Но Варвара Павловна не сворачивала карту. Она молчала. Ее пальцы бессознательно теребили простой медный крестик, выглядывавший из-под воротника темного платья. Этот нервный, почти суеверный жест выдавал напряжение.
— Есть один вариант, — произнесла она наконец, и голос ее стал тише. — Последний. Очень… странный.
Я поднял на нее глаза.
Ее палец вернулся на карту, замер на одном из особняков на Галерной.
— Вот. Дом номер шестнадцать. Каменный, в два этажа, с мезонином. За ним — огромный, заросший сад, который выходит прямо к каналу. И глухой двор. Он идеально подходит под все ваши требования. И его продают.
— Кто? Кто-то из разорившихся?
— В том-то и дело, что нет, — она посмотрела на меня в упор. — Официально дом принадлежит полковнику Давыдову. Герою последней кампании. Но продает его… его молодая жена. Француженка.
Я нахмурился. История становилась все более запутанной.
— Какая-то темная история. Зачем это все?
— Никто не знает, — пожала плечами Варвара Павловна. — Говорят, продает срочно и за бесценок. Но…
Она замолчала, ее пальцы снова сжали крестик.
— Есть одно условие. Она наотрез отказывается иметь дело с поверенными. Требует личной встречи с покупателем. И оставляет за собой право отказать без объяснения причин.
Сделав еще одну паузу, она произнесла следующие слова как диагноз:
— Мне доподлинно известно, что она уже выставила за дверь троих богатейших купцов. Они предлагали тройную цену. Она просто посмотрела на них и велела указать на дверь. Похоже, Григорий Пантелеевич, она не продает дом. Она выбирает покупателя по каким-то своим соображениям.
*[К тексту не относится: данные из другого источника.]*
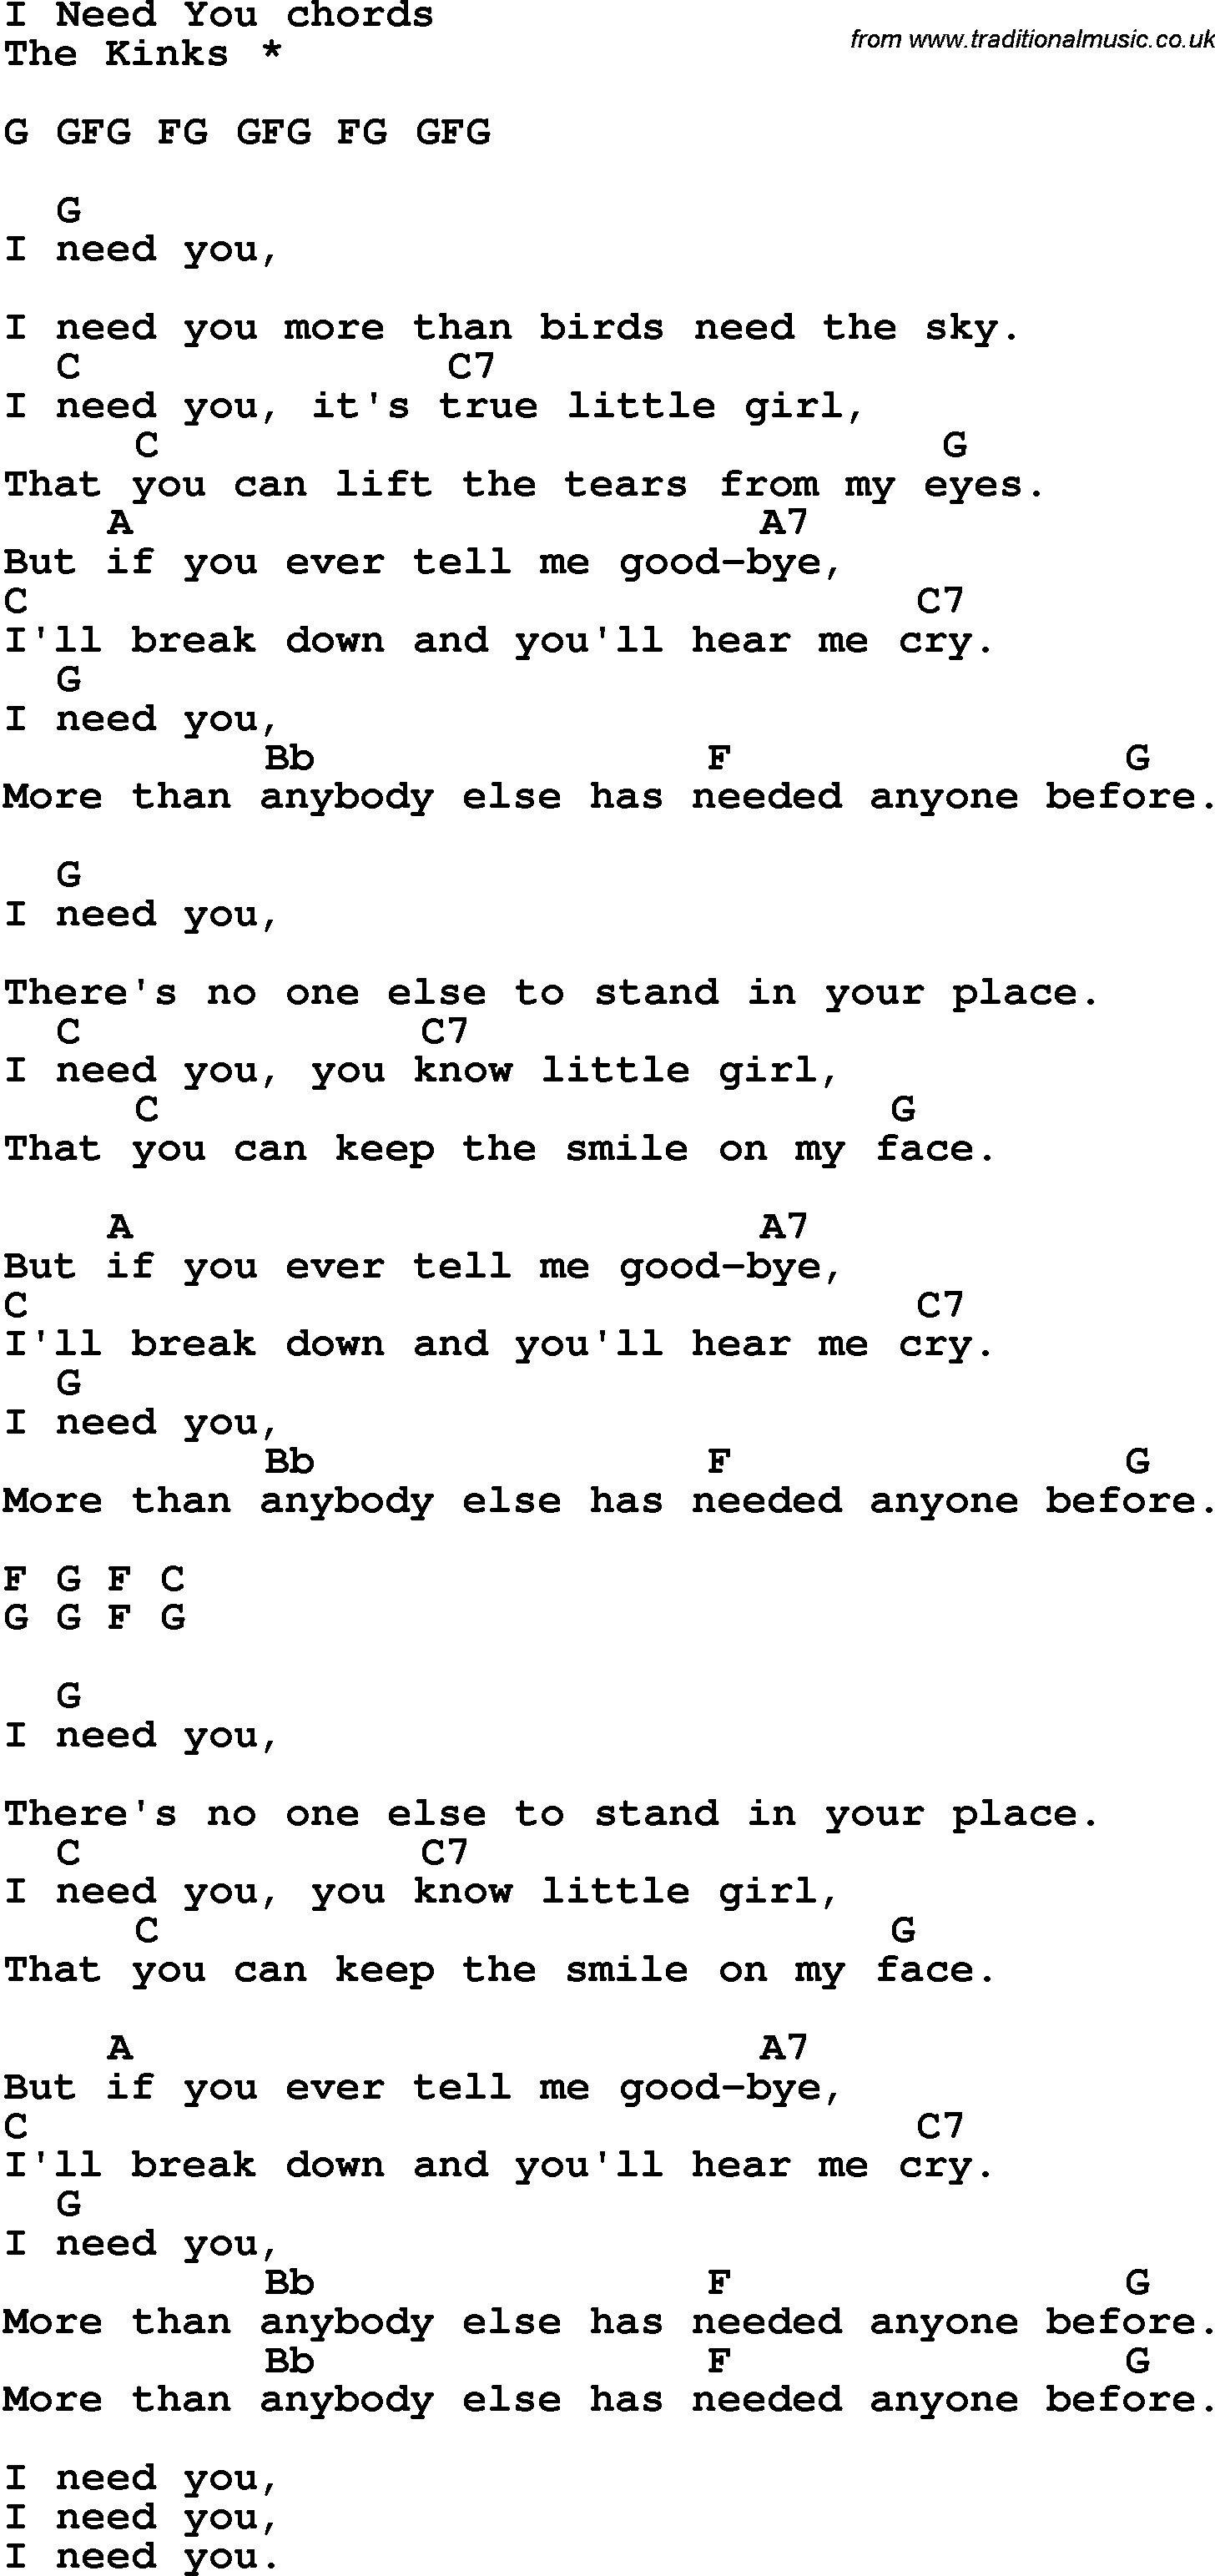 Song Lyrics with guitar chords for I Need You - The Kinks

Мутно как-то. Спешка и низкая цена? Значит, нужны быстрые деньги, которые не оставят следов. Отказ поверенным? Значит, ищет конфиденциальность, возможно, сообщника, который будет молчать. Отказ купцам? Дело не в деньгах. Ей нужен человек определенного типа: не выскочка, но и не аристократ, чтобы не пошли слухи. Она ищет кого-то нового. Кого-то вроде меня — человека с деньгами и статусом, но без корней в этом обществе.
Здравый смысл кричал: беги от такой истории как от чумы. Но я почувствовал укол чистого, профессионального любопытства.
— Договоритесь о встрече, Варвара Павловна, — сказал я абсолютно спокойным голосом. — Я хочу взглянуть в глаза этой загадочной даме.
Она махнула головой, но я заметил в ее взгляде тень беспокойства. Она понимала, что я собираюсь сунуть голову в осиное гнездо.
Взяв с верстака необработанный кусок горного хрусталя, я ощутил, как его холодные, острые грани приятно колют ладонь.
— Прежде чем я туда пойду, Варвара Павловна, мне нужно знать больше, — сказал я, вертя в пальцах камень. — Голых фактов недостаточно. Прохор!
Мальчишка, дремавший в углу, вскочил. Он все время спит где ни попадя.
— Бросай все дела. Мне нужно, чтобы ты стал тенью дома номер шестнадцать по Галерной.
Подойдя к нему и опустившись на корточки, я посмотрел ему прямо в глаза.
— Мне нужны сплетни. Что говорят слуги, кучера, торговки у ворот? Кто к этой даме ходит? Чего боится ее горничная? — палец нащупал скрытую трещину в кристалле. — Возвращайся, когда будешь знать больше, чем ее собственный дворецкий. Понял?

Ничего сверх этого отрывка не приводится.